IPCC(気候変動に関する政府間パネル)が3月にまとめた第6次評価報告書では、さまざまなシナリオで今後を予測しています。最良のケースでも2040年までに気温上昇が1.5℃、多くのケースで2030年代前半に1.5℃に達するとされています。COP21当時の予測より10年ほど早まっています。5月のWMO(世界気象機関)の報告では、66%の確率で2027年までに1.5℃を超えるといいます。

1.5℃を超える上昇は、災害規模や頻度の増大につながると予想されています。そして、長い将来に渡って影響します。温暖化を1.5℃や2℃以内に抑制しうるかは、主に、CO2排出正味ゼロを達成する時期までの累積排出量によって決まります。

地球規模の気候変動

地球は誕生以来、大きな気候変動を繰り返してきました。

氷河時代とは、大陸並みの大きさの氷床が存在する時代をいいます。現在、広大な氷床が南極大陸とグリーンランドに存在しています。つまり、今は氷河時代で、4900万年前に始まったとされます。

氷河時代には、中緯度地域まで氷河や氷床に覆われるような氷期と、氷期と氷期の間の,温暖で氷河が縮小した間氷期があります。現在は、間氷期です。

気候が地球規模で変動する要因は、複数あります。太陽放射量の変動、大気組成の変化、火山活動等の地殻変動、地球の公転軌道の形や自転軸の傾きの変動などです。これらの長期的な変動が、氷期や間氷期といった気候変動を引き起こします。ここに人間活動の影響が加わっています。

気候変動におけるティッピングポイント

地球の寒冷化がある程度進み、次のフィードバックループが生じると、さらに寒冷化を進行させます。

  寒冷化→氷河の成長→地表の反射率の上昇→太陽光エネルギーの吸収が減少→寒冷化の促進

今は、温暖化のループが始まろうとしています。

  温暖化→北極や南極の氷が融解→地表の反射率が低下→太陽光エネルギーの吸収が増大→温暖化の促進

ある程度温暖化が進行したところで、温暖化は後戻りのできないステージに入ると予想されます。

最近、世界で大きな山火事が頻発していますが、温暖化が要因と言われています。山火事はCO2を放出するだけでなく、CO2を吸収する森林を失います。

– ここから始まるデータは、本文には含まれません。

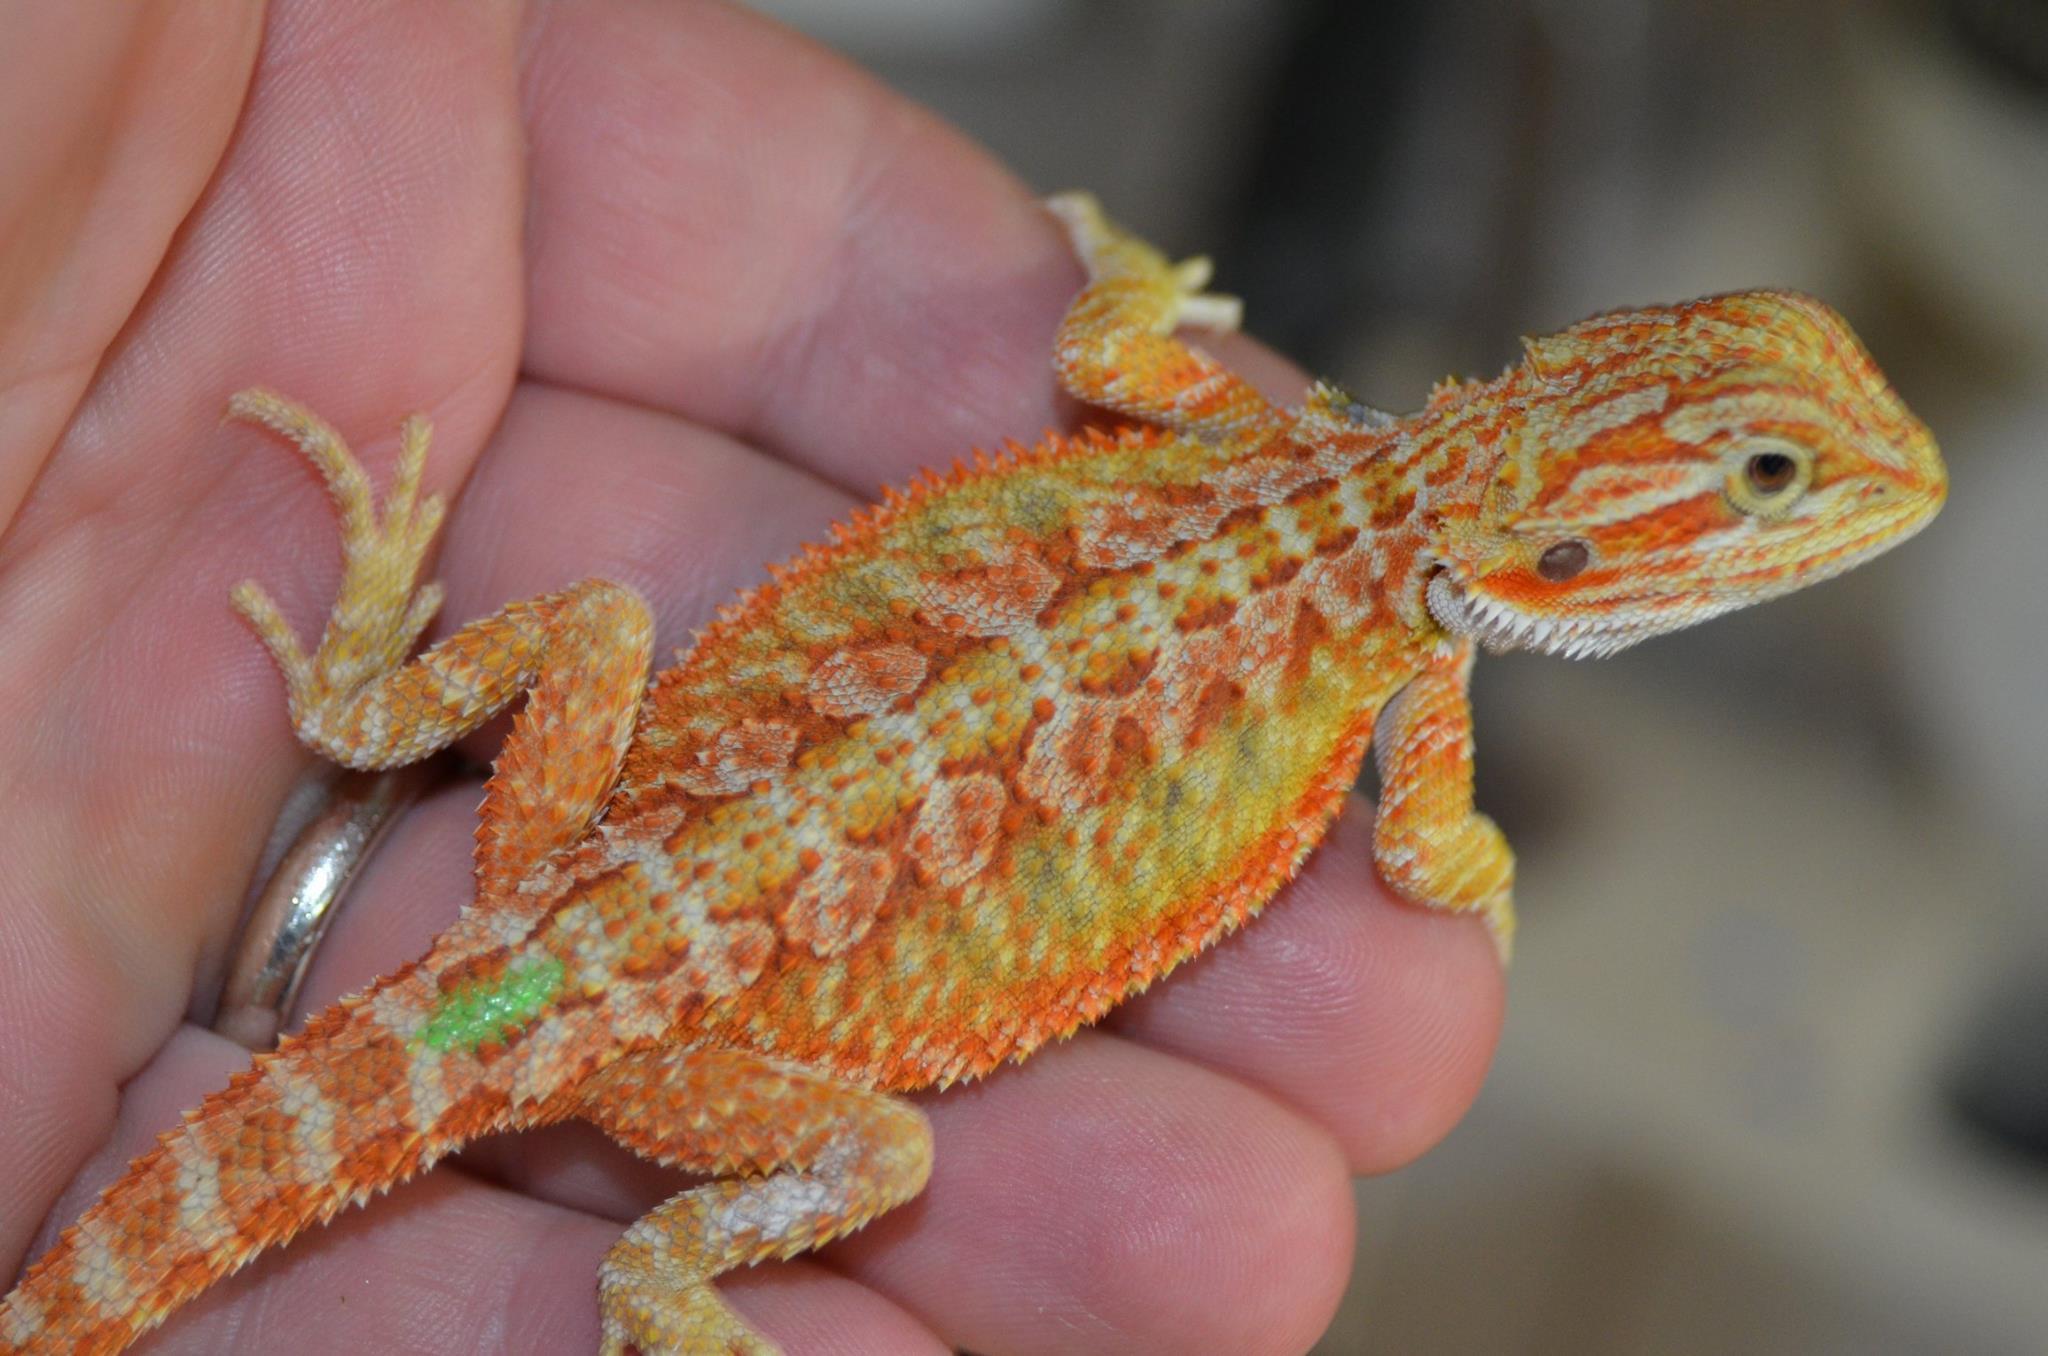 Bearded Dragon Photos | Bearded dragons for sale

CO2は、永久凍土の融解によっても放出されます。CO2が増えて海洋への溶け込みが増すと、海洋が酸性化して生態系が崩壊します。CO2の放出増は悪循環を生みます。

熱帯林は、CO2 吸収に重要です。しかし、「その機能は最高3.9 ± 0.5℃の気温上昇で、潜在的転換点に達する」ことが、最近、Nature誌に報告されました。つまり、これを超えて気温が上昇すると、葉が枯れ、光合成が機能不全に陥り、CO2の吸収が減ります。

少しずつ進行していたことが一定の条件を超えると一気に進行するようになる転換点を、ティッピングポイントといいます。温暖化のティッピングポイントがいつ来るかは、科学的に一致した見解はないものの、産業革命以降の世界平均気温の上昇が1.5℃を超えると可能性が高いと言われています。

古代の気候変化をどのように推測するか

ところで、有史以前の気候は、どのようにして推測するのでしょうか? 

2000年前頃までは、木の年輪の幅から推測します。さらに過去に関しては、古代から残る氷中の酸素同位体18Oの量に着目します。

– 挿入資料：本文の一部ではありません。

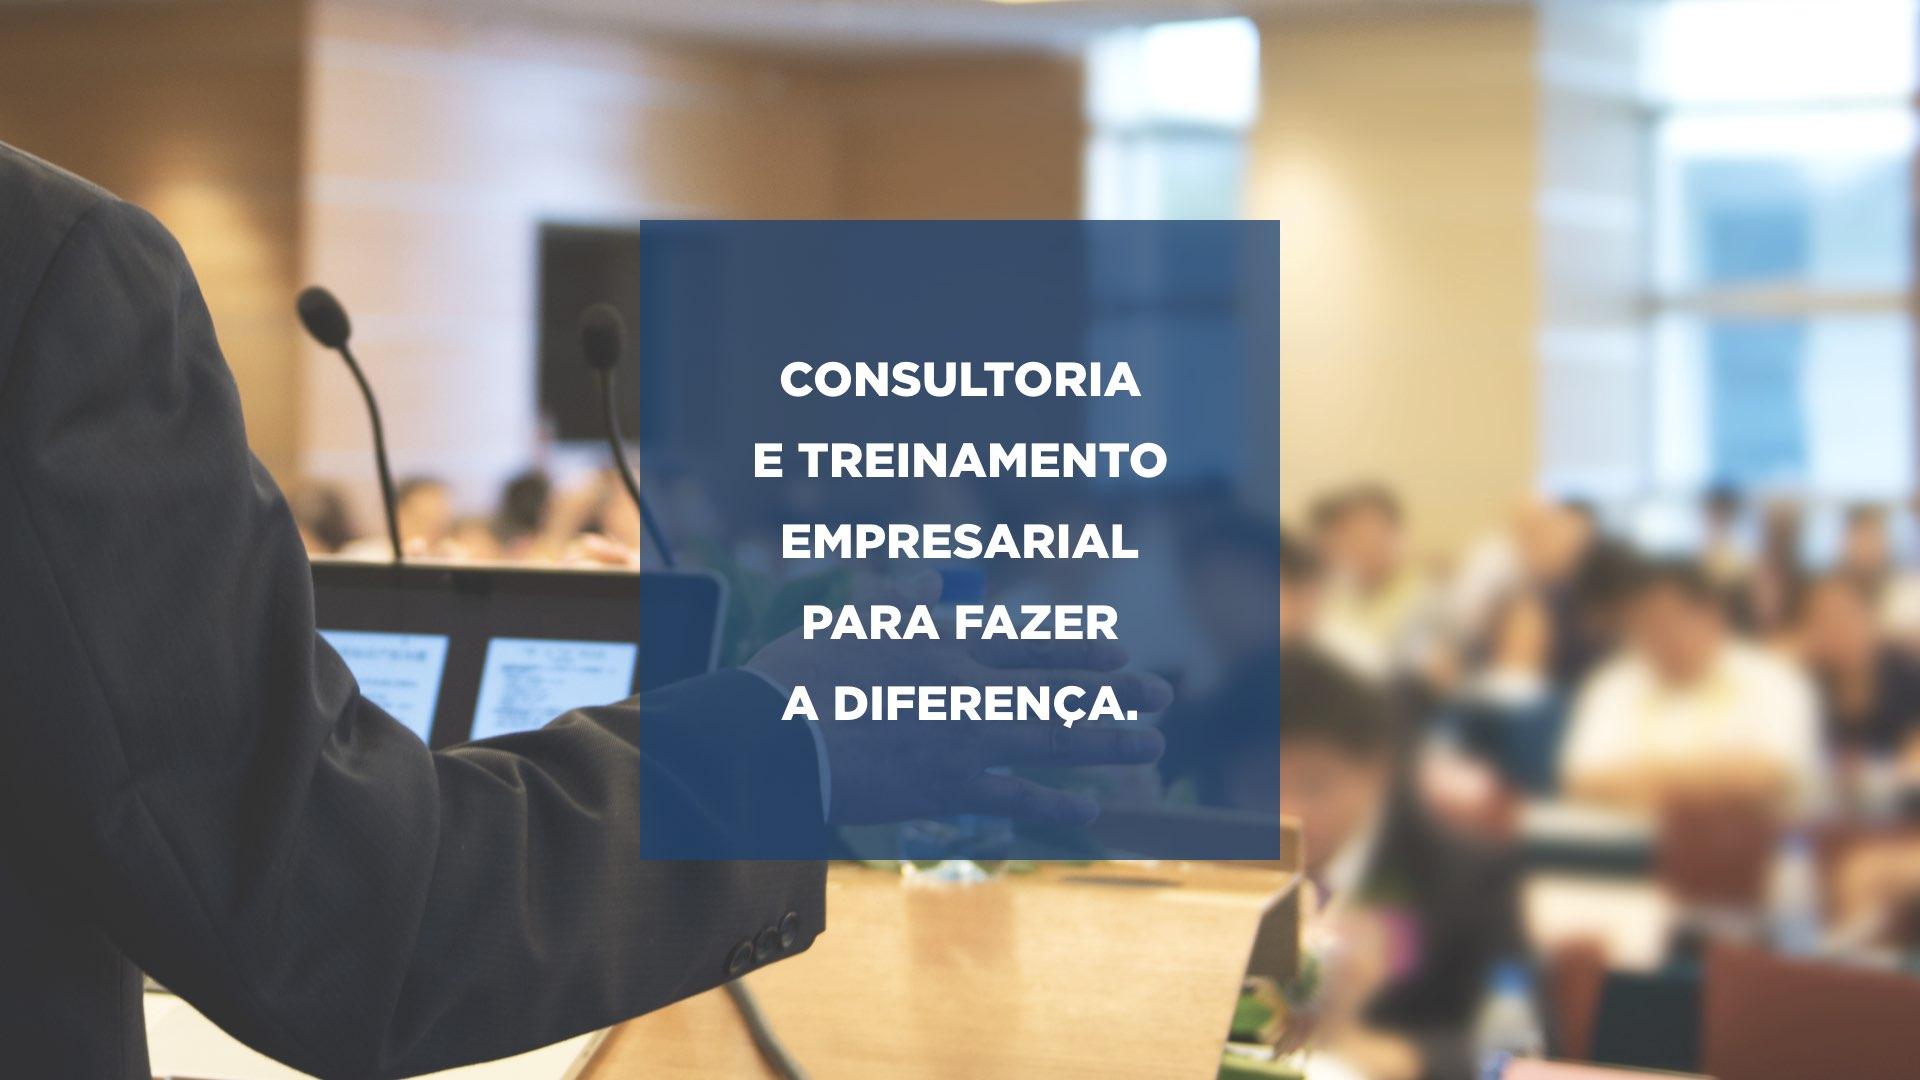 L-apres ACIB Consultoria CURTA - portfolio jun2016.004.jpeg

18Oは、通常の酸素原子16Oよりも大きな質量をもつため、18Oからなる水(18O水)は、16O水よりも重くなります。軽い水分子は重い水分子よりも蒸発しやすく、逆に水蒸気が凝結して水滴をつくるときは、重い方が凝集しやすい性質をもちます。

したがって、寒冷期は16O水が海面から主に蒸発し、陸に雨や雪として降ります。その結果、海水中の18O/16O比が大きくなり、陸で生じる氷床の18O/16O比は小さくなります。温暖期は18O水も海面から蒸発し、16O水よりも雨や雪になりやすいため、陸で生じる氷床の18O/16O比が大きくなります。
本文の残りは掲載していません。